Strip the pictures, then copy the remaining data exactly as it stands.

▶ [Raw data]
■ ■ ■ ■ ■
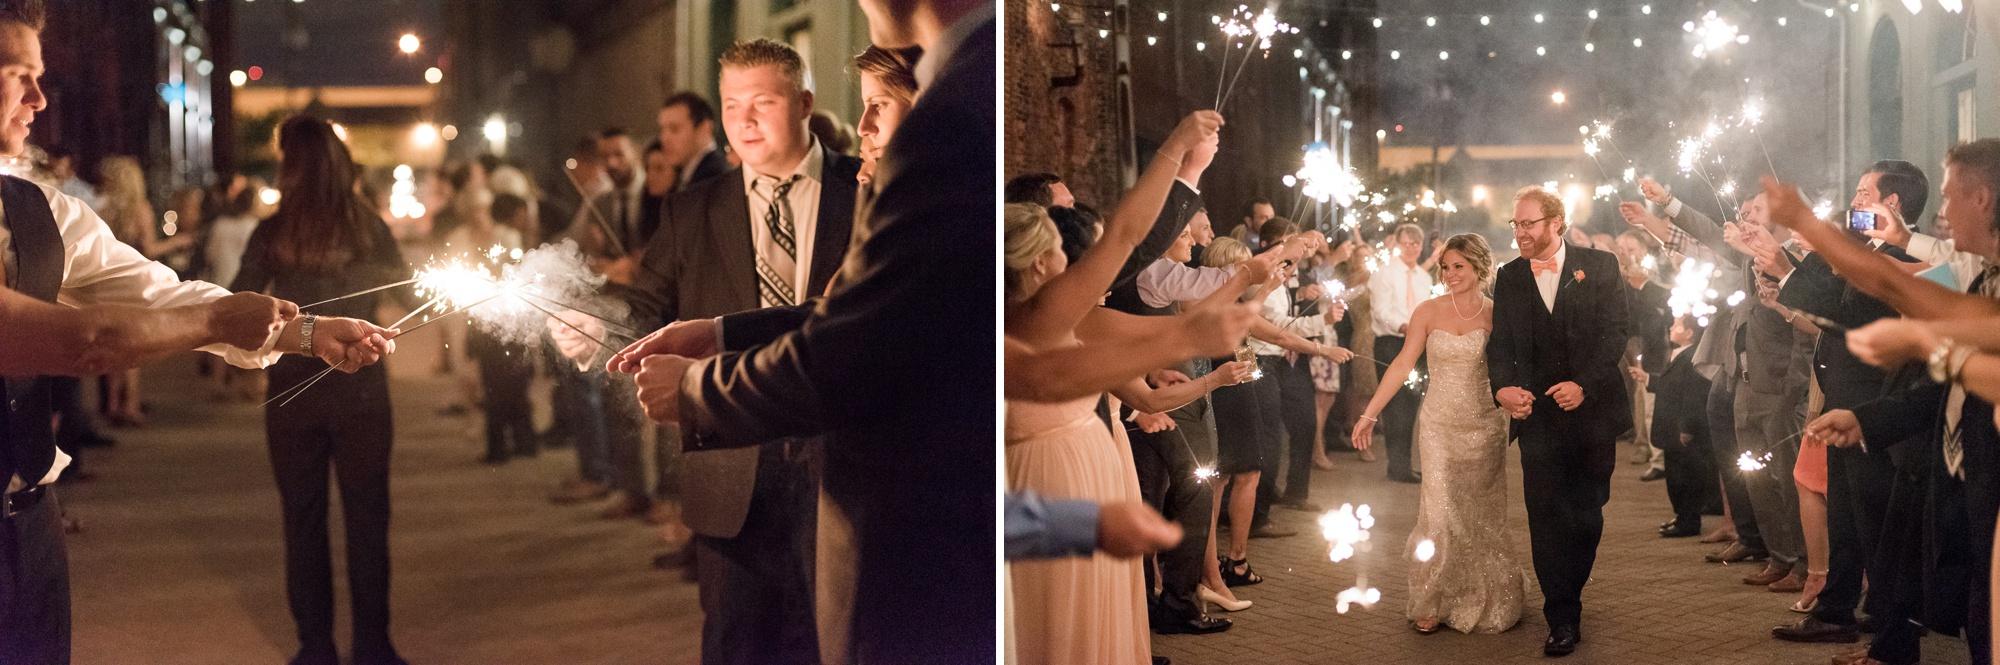 via-vecchia-winery-wedding-columbus-ohio-126.jpg
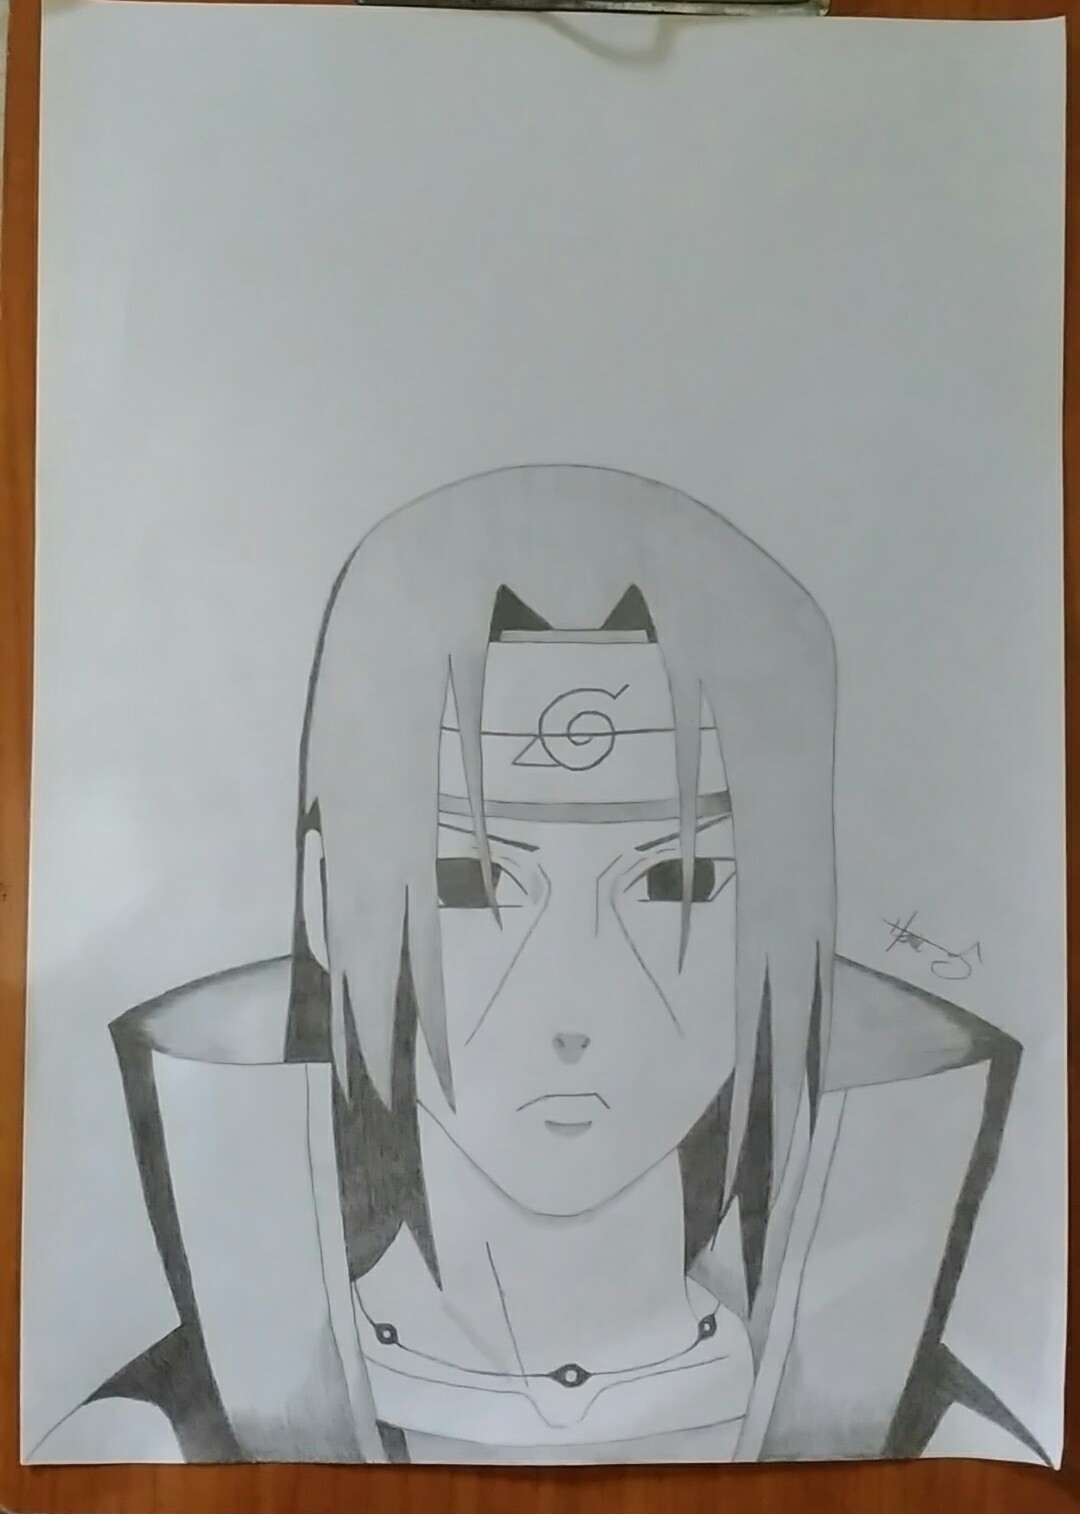 87 Gambar Gambar Naruto Arsiran Terlihat Keren
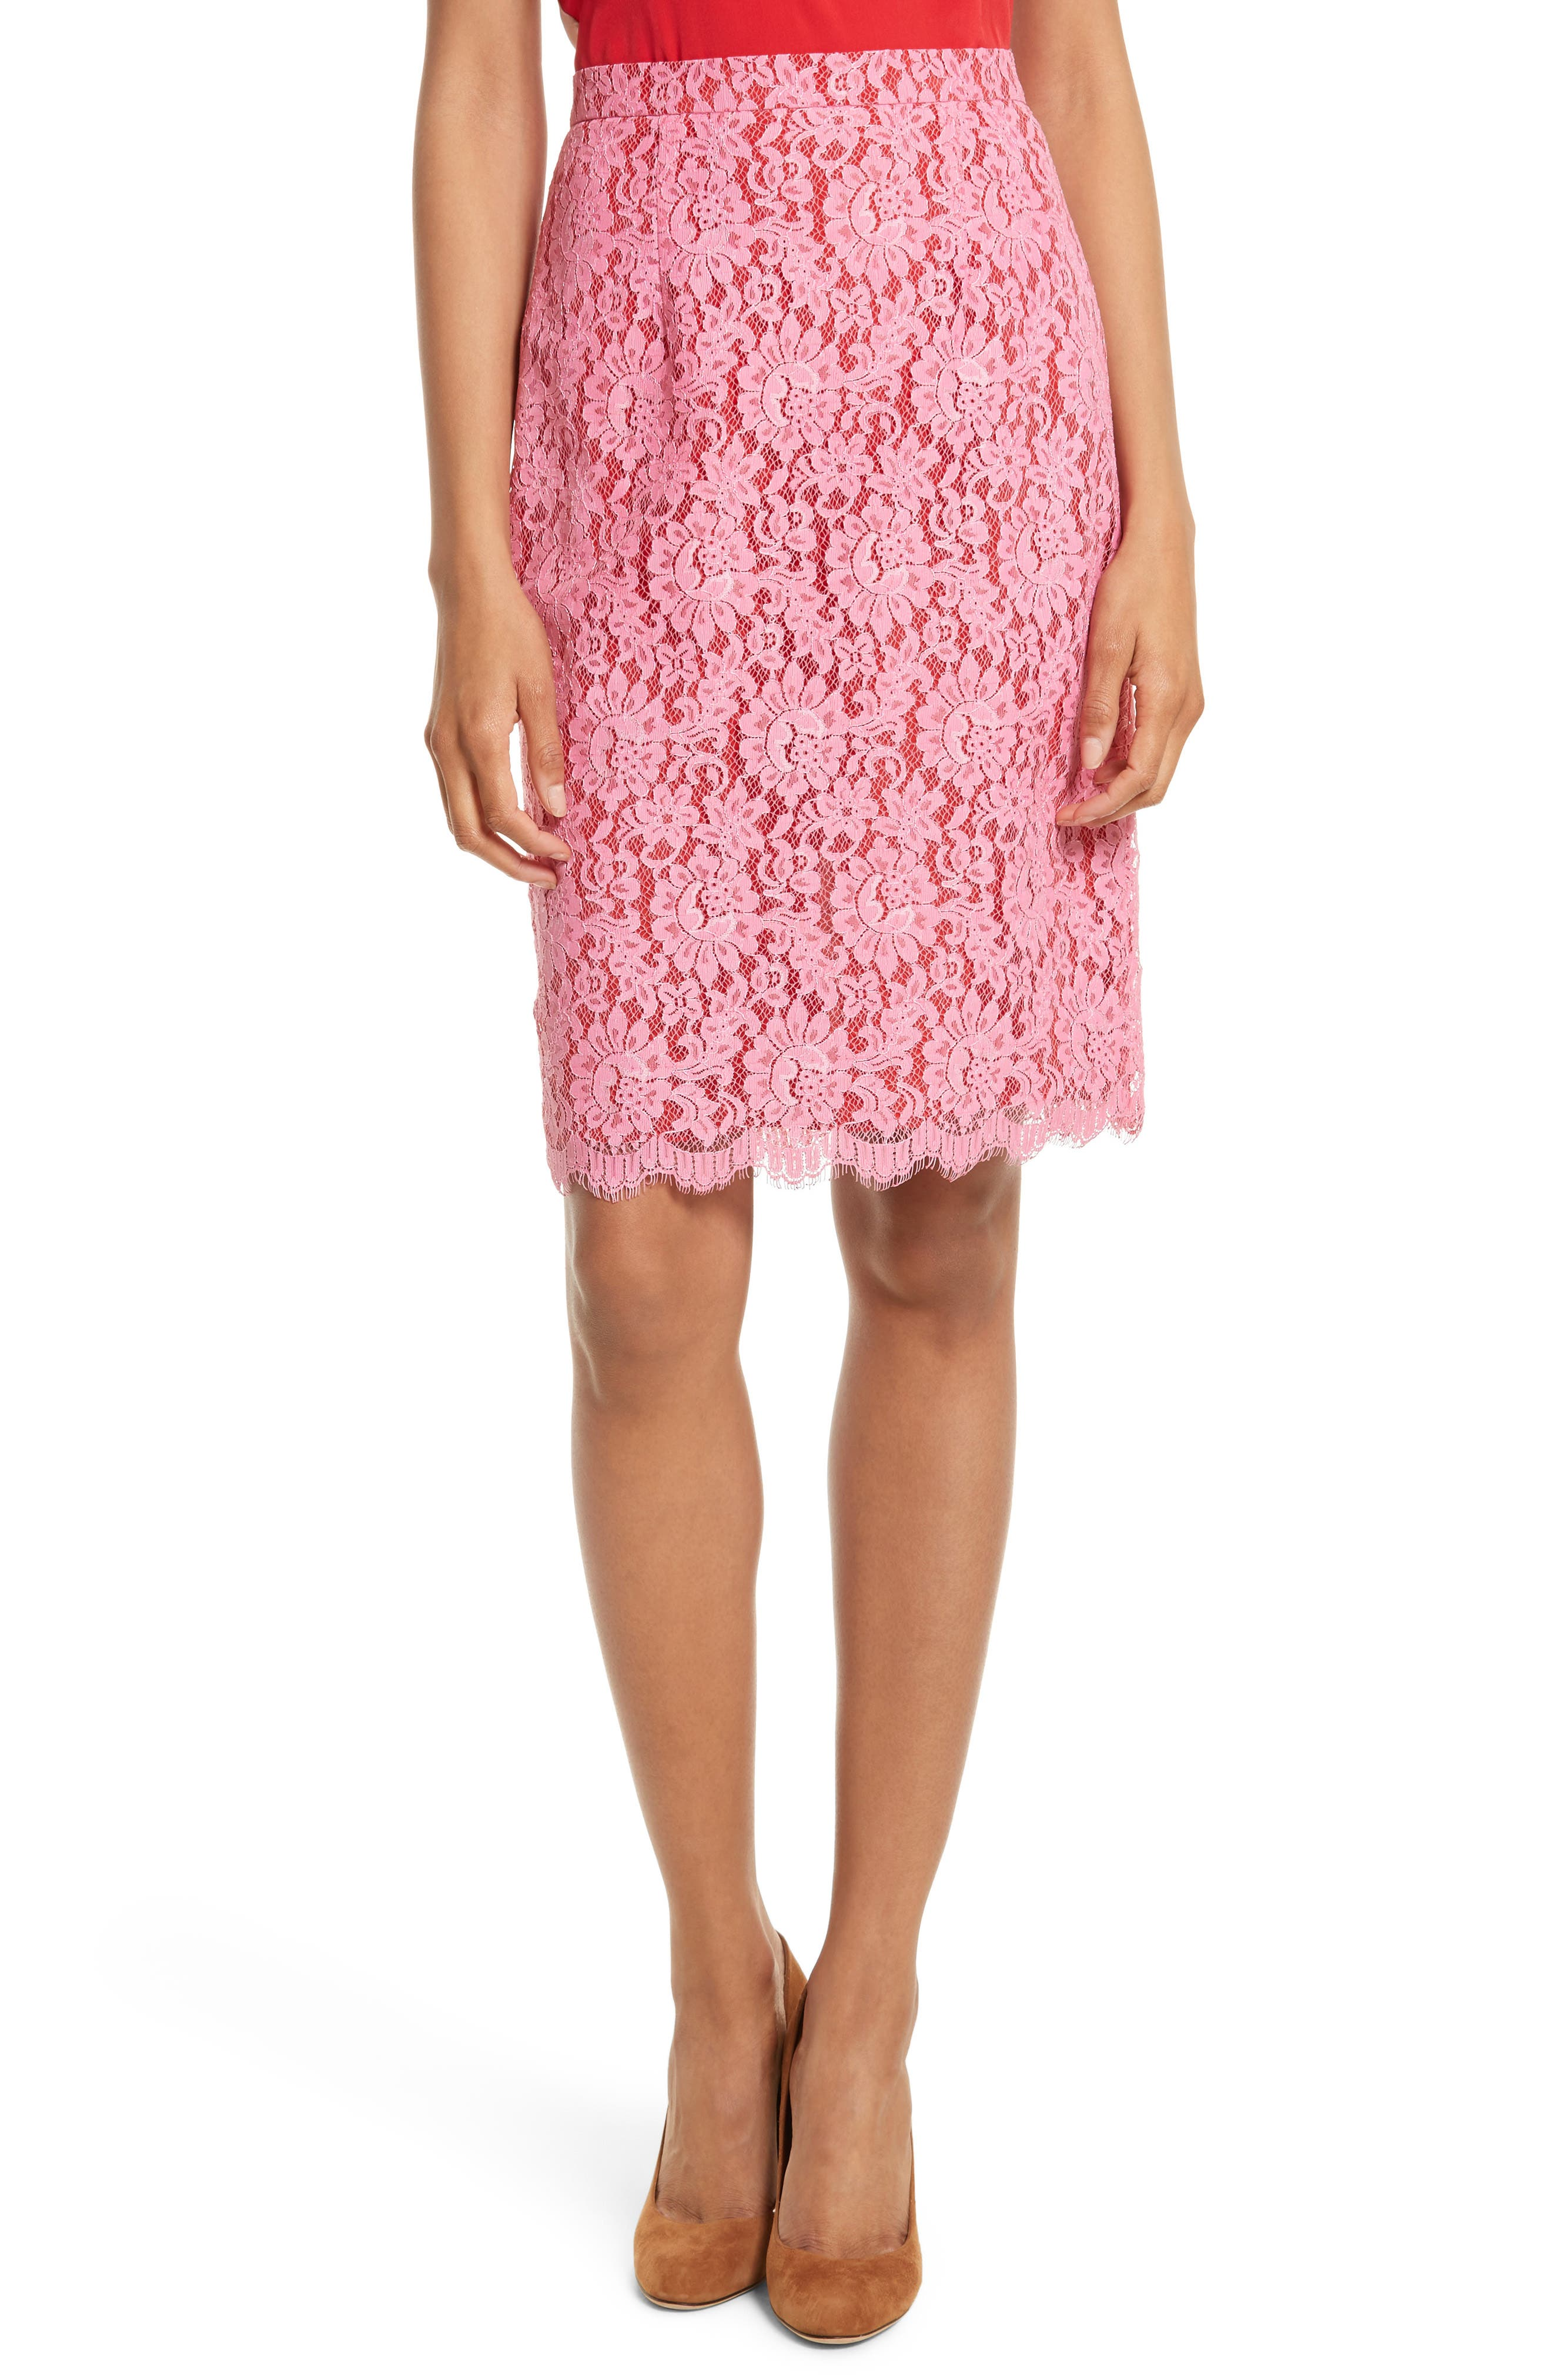 Alternate Image 1 Selected - Diane von Furstenberg Lace Pencil Skirt
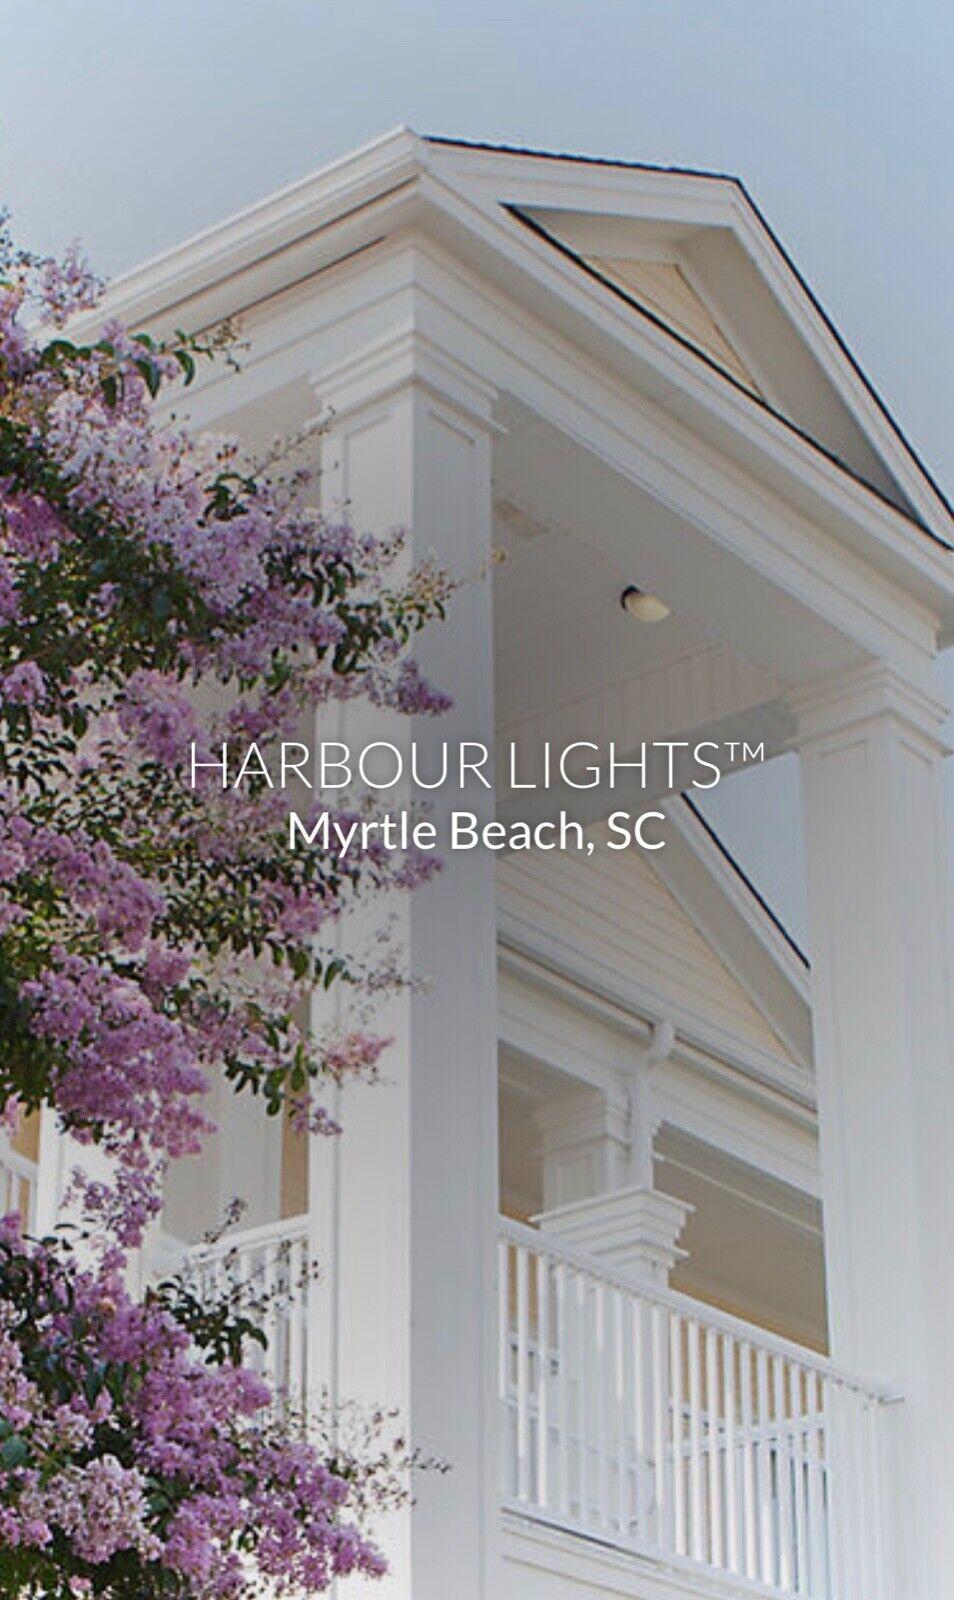 Bluegreen Resorts - Harbour Lights - Myrtle Beach - $1.00
■ ■ ■ ■ ■
▶ [Exercise solution]
 via-vecchia-winery-wedding-columbus-ohio-126.jpg
 87 Gambar Gambar Naruto Arsiran Terlihat Keren
 Alternate Image 1 Selected - Diane von Furstenberg Lace Pencil Skirt
 Bluegreen Resorts - Harbour Lights - Myrtle Beach - $1.00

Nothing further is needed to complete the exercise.